Forse il dato più significativo riguardava la tempistica. I ricercatori hanno osservato che le pazienti che iniziavano il medicinale erboristico contemporaneamente al farmaco oncologico, o molto poco dopo, sembravano stare meglio di quelle che aspettavano che i sintomi fossero già diventati gravi. Ciò suggerisce che l'uso proattivo del rimedio, come scudo contro l'insorgenza dell'esaurimento, potrebbe essere più efficace rispetto al tentativo di trattarlo dopo che si è già consolidato. Lo studio ha inoltre evidenziato una discrepanza tra il modo in cui i medici e le pazienti sperimentano la malattia. Mentre i medici, utilizzando scale di valutazione medica standard, vedevano solo cambiamenti lievi nelle condizioni delle pazienti, le pazienti stesse riferivano di sentirsi molto meglio. Questa differenza sottolinea che ciò che una paziente sente dentro è spesso la misura più importante per capire se un trattamento sta funzionando, anche se un esame del sangue o una visita fisica non mostrano un cambiamento drammatico.
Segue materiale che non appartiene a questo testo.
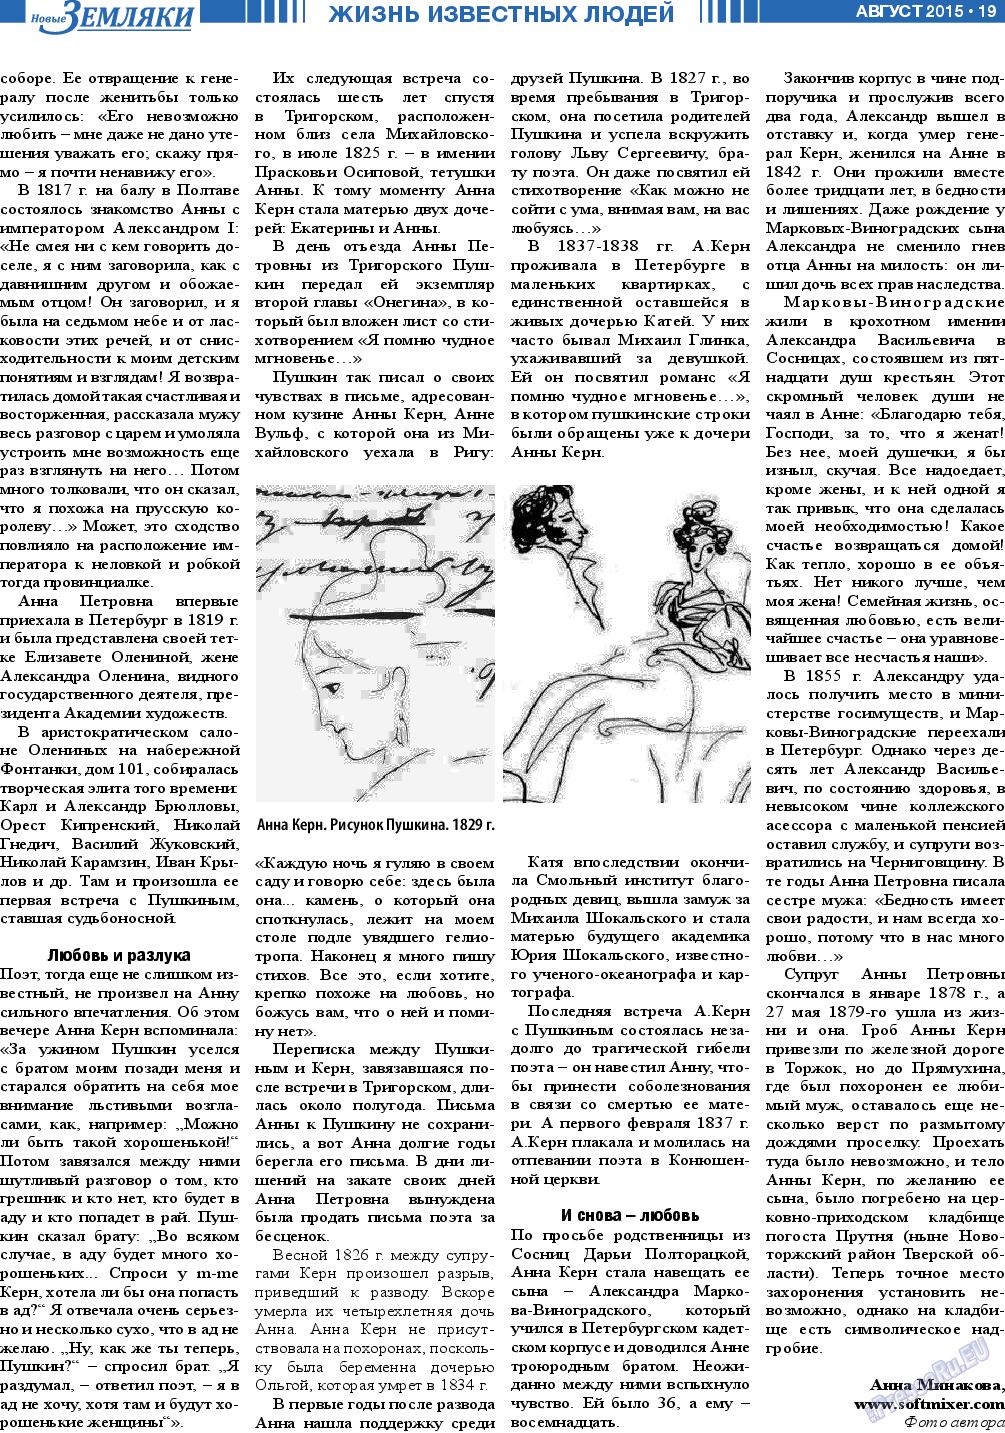 Новые Земляки, газета. 2015 №8 стр.19

In definitiva, questo studio suggerisce che esiste un'opzione di supporto che può aiutare le donne che affrontano il lungo percorso della terapia di mantenimento per il tumore ovarico a preservare la loro qualità di vita. Il medicinale erboristico non ha guarito il cancro né ha impedito il calo dei conteggi ematici, ma ha aiutato a gestire la fatica schiacciante che spesso costringe le persone a interrompere il proprio trattamento. Permettendo alle pazienti di sentirsi abbastanza forti da continuare la terapia, questo approccio potrebbe indirettamente aiutarle a vivere più a lungo. I ricercatori hanno osservato che, sebbene lo studio fosse piccolo e non includesse un gruppo di pazienti che non assumevano il rimedio erboristico, i risultati sono sufficientemente solidi da giustificare ulteriori indagini. Propongono che in futuro debbano essere condotti studi più ampi e controllati per confermare queste scoperte, ma per ora, l'evidenza punta verso un'aggiunta semplice e a basso rischio al piano di trattamento che aiuta le pazienti a sopportare il difficile viaggio delle cure oncologiche.